- _SUPPLIED MATERIAL_:
-- Opening Marker --

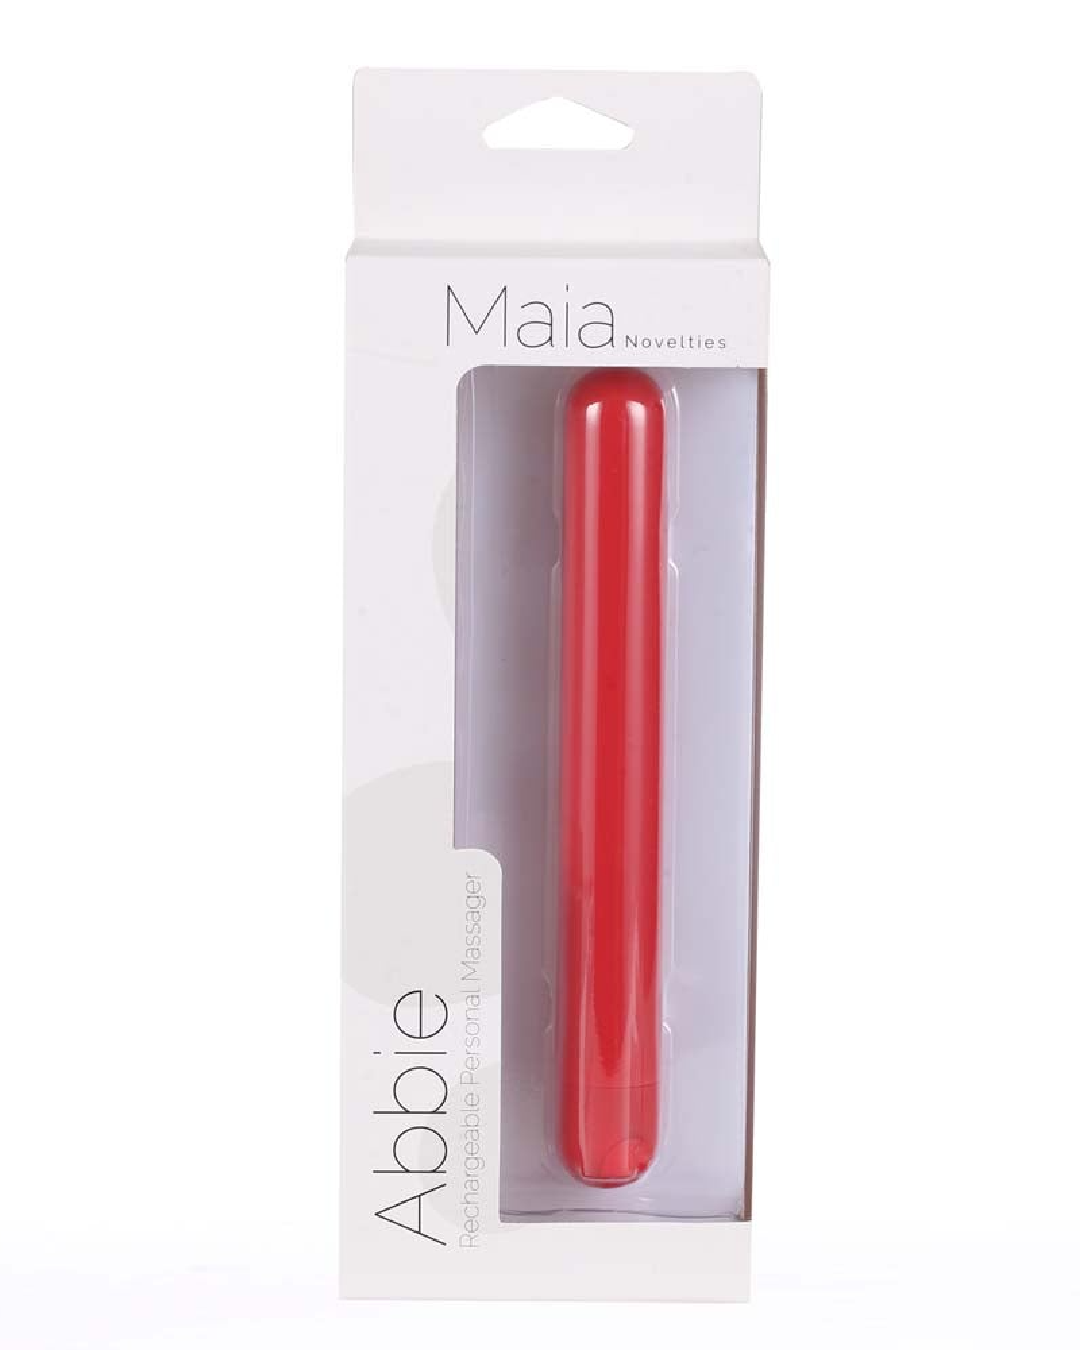 Abbie X-Long Super Charged Red Bullet Vibrator in the box
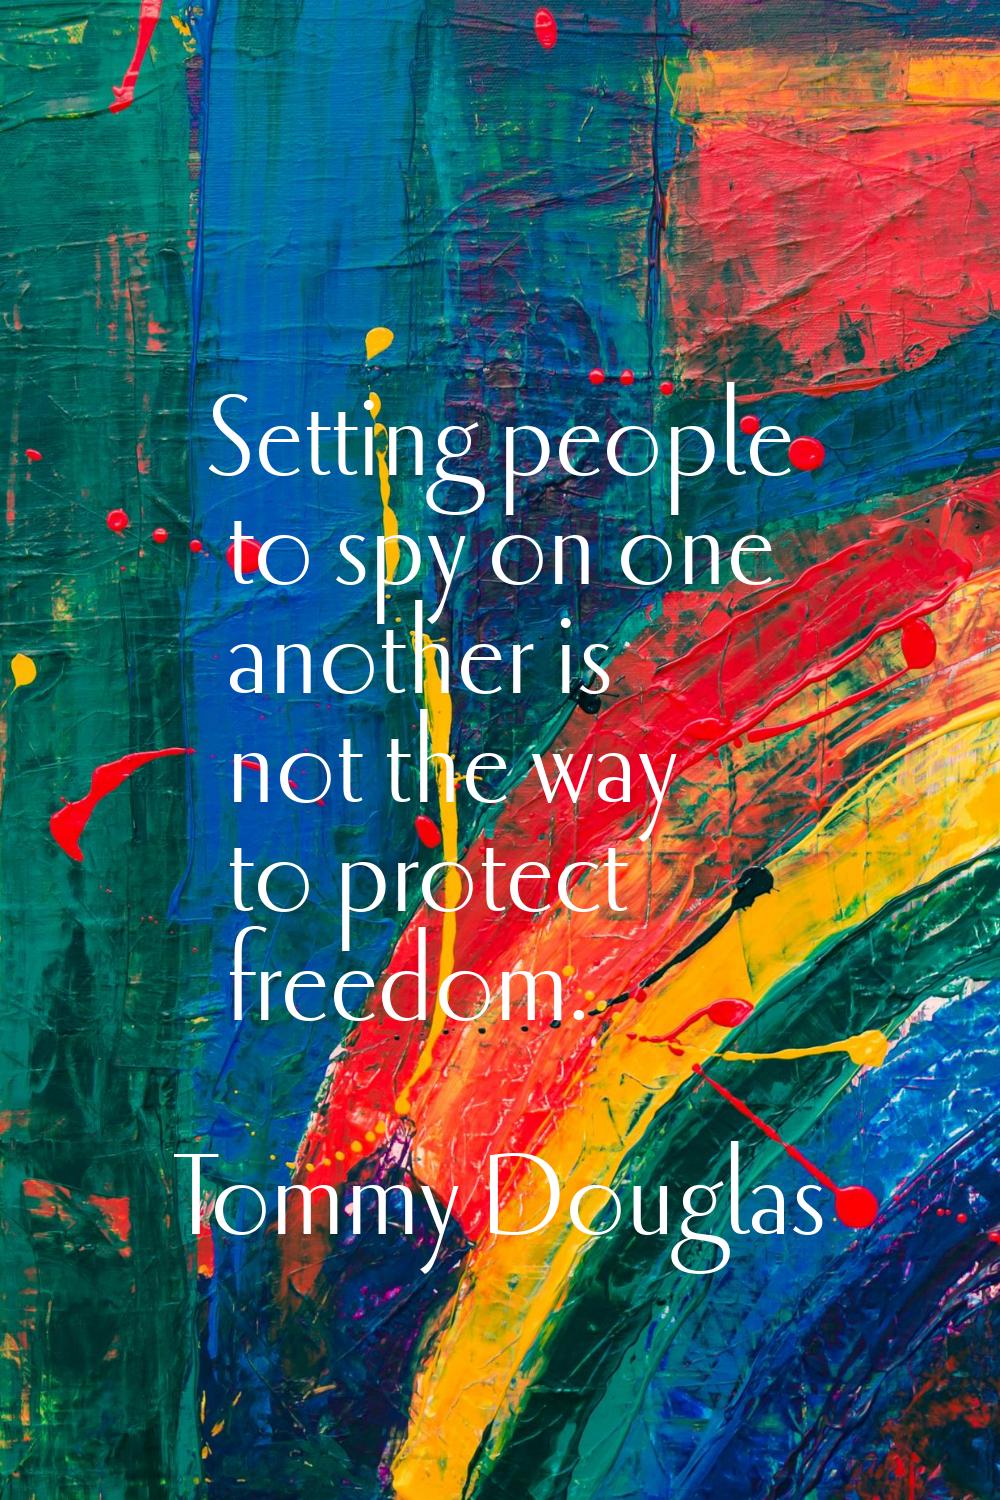 Setting people to spy on one another is not the way to protect freedom.
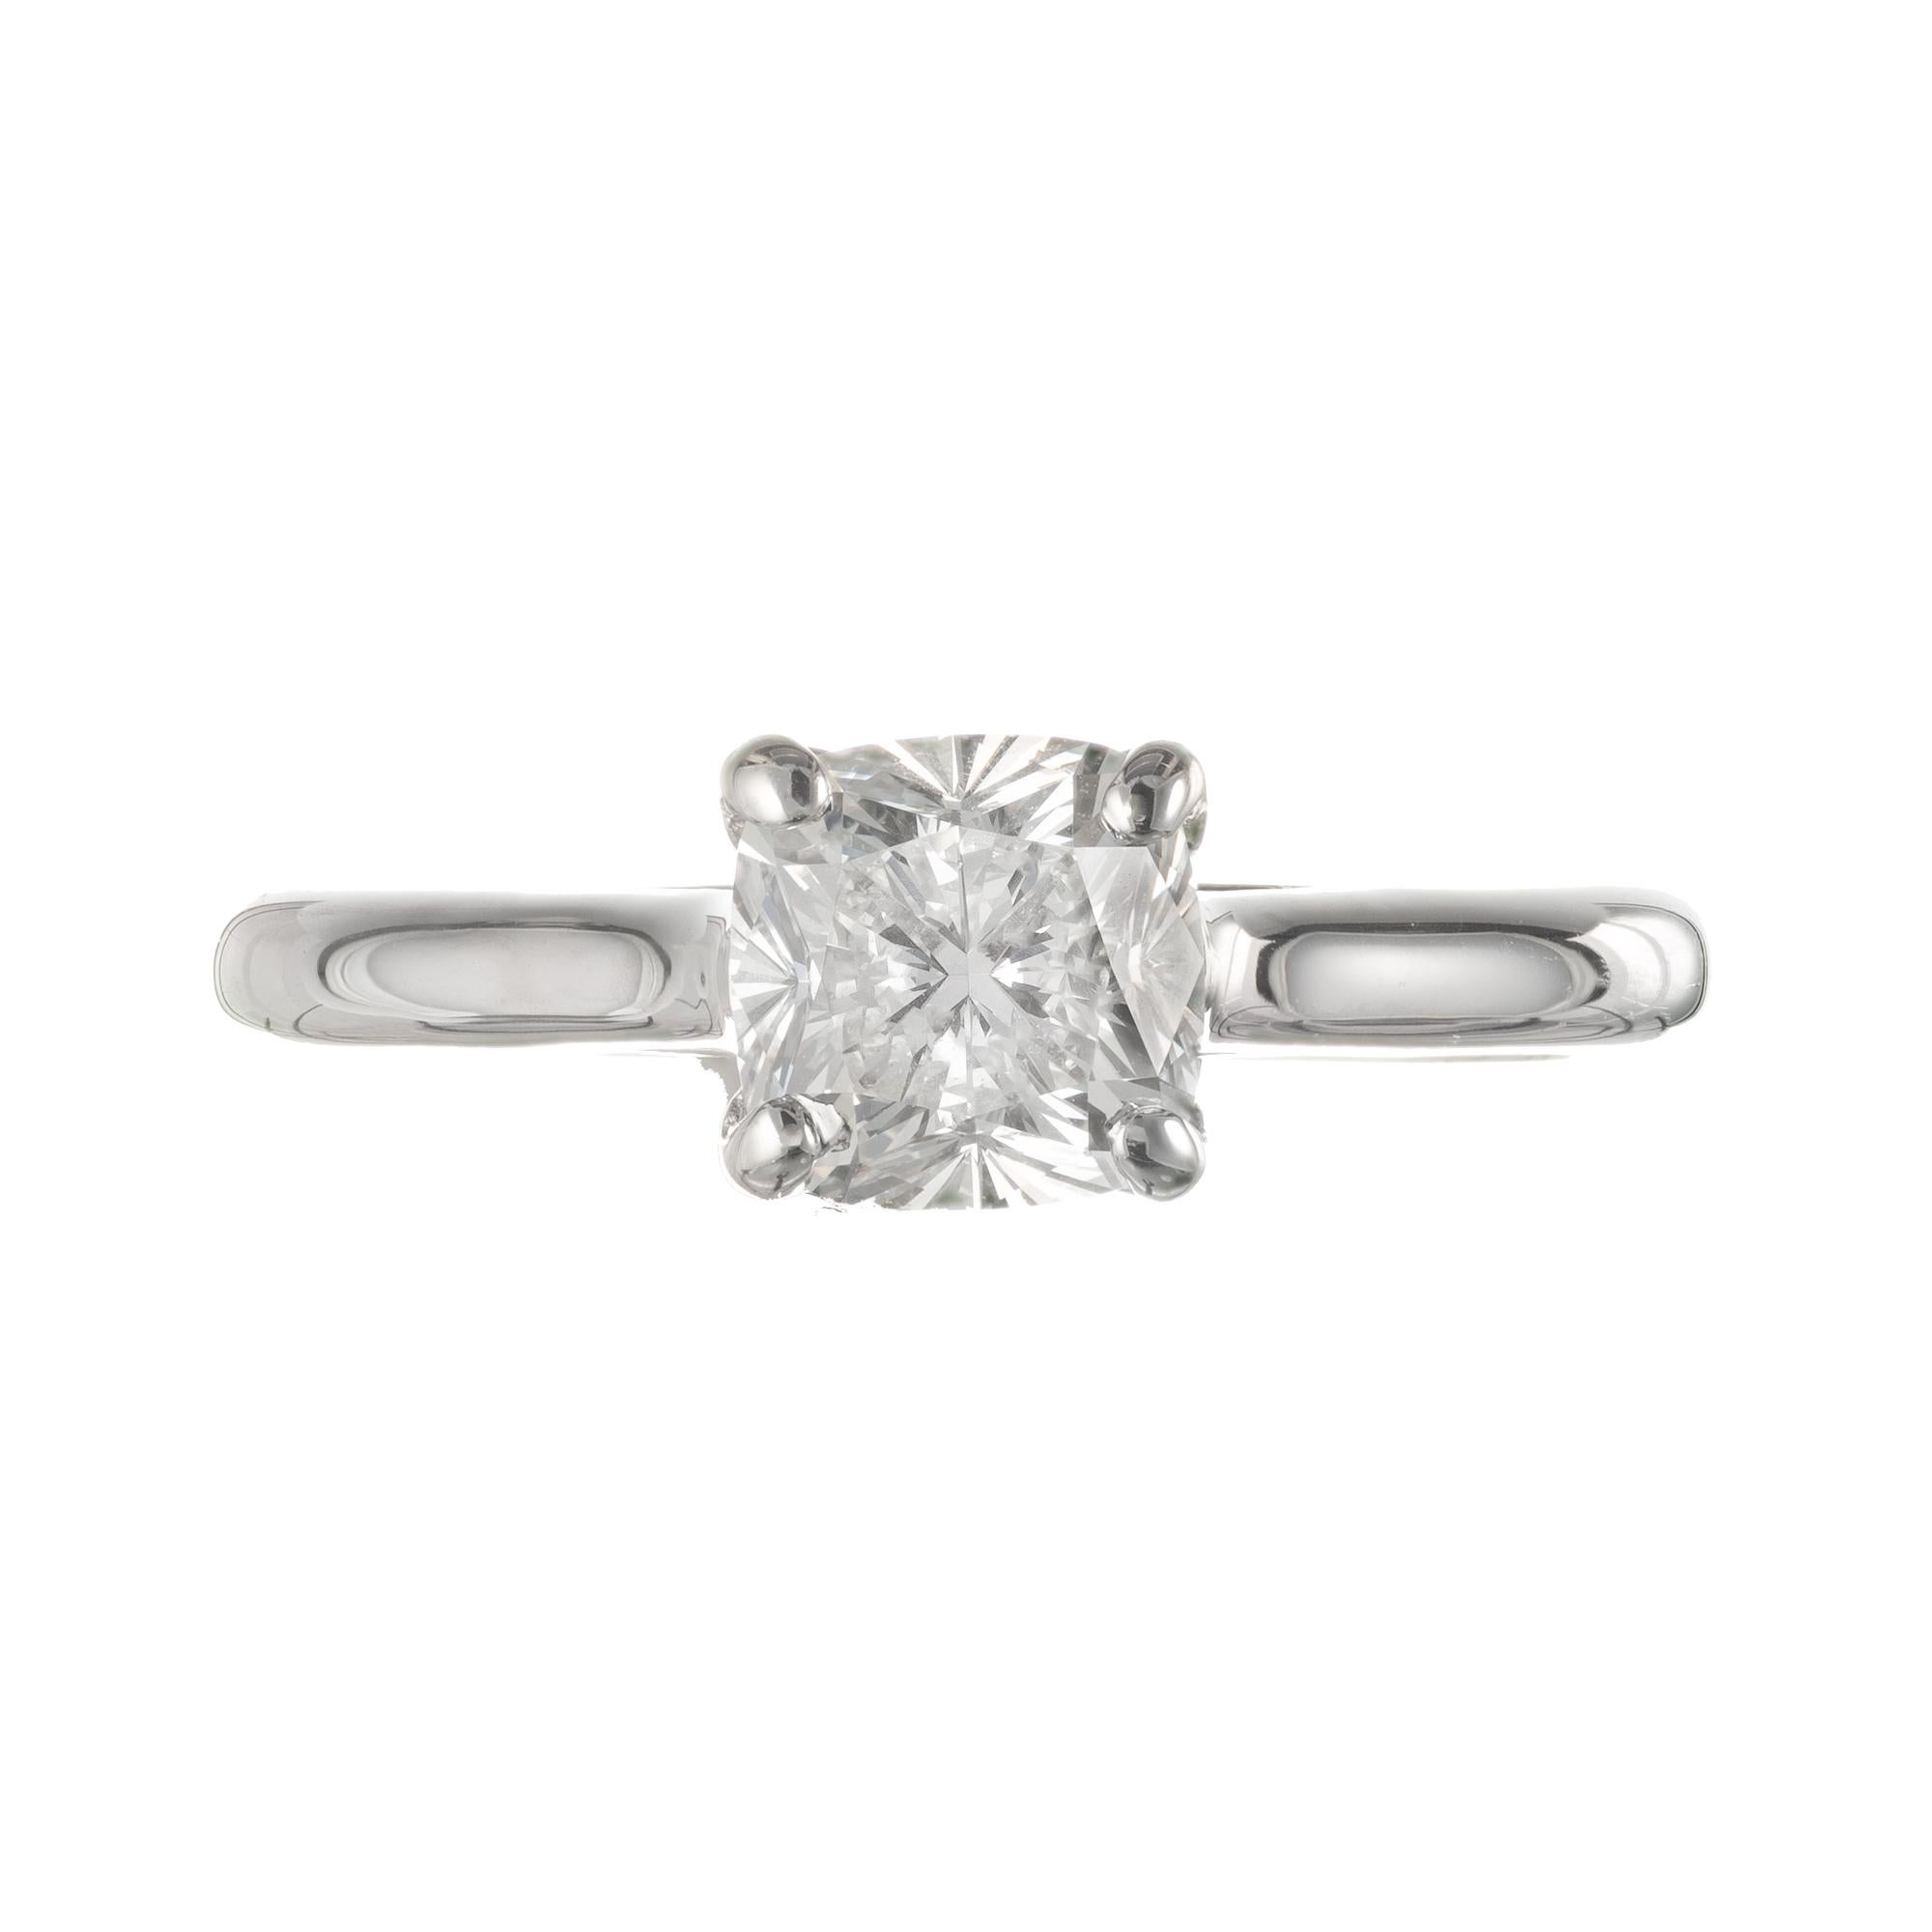 Fire cushion diamond engagement ring. Extra brilliant cushion shape diamond cut with extra surface area to create a patented “fire cushion”. Original 18k white gold simple pave diamond flush prong setting. 

1 cushion brilliant cut I VS diamond,

-- Closing Marker --

- _PROBLEM DETAILS_: Could you set down the data exactly as given, minus its pictures?

- _EXPECTED OUTPUT_:
 Abbie X-Long Super Charged Red Bullet Vibrator in the box
 Setting people to spy on one another is not the way to protect freedom.
 Fire cushion diamond engagement ring. Extra brilliant cushion shape diamond cut with extra surface area to create a patented “fire cushion”. Original 18k white gold simple pave diamond flush prong setting. 

1 cushion brilliant cut I VS diamond,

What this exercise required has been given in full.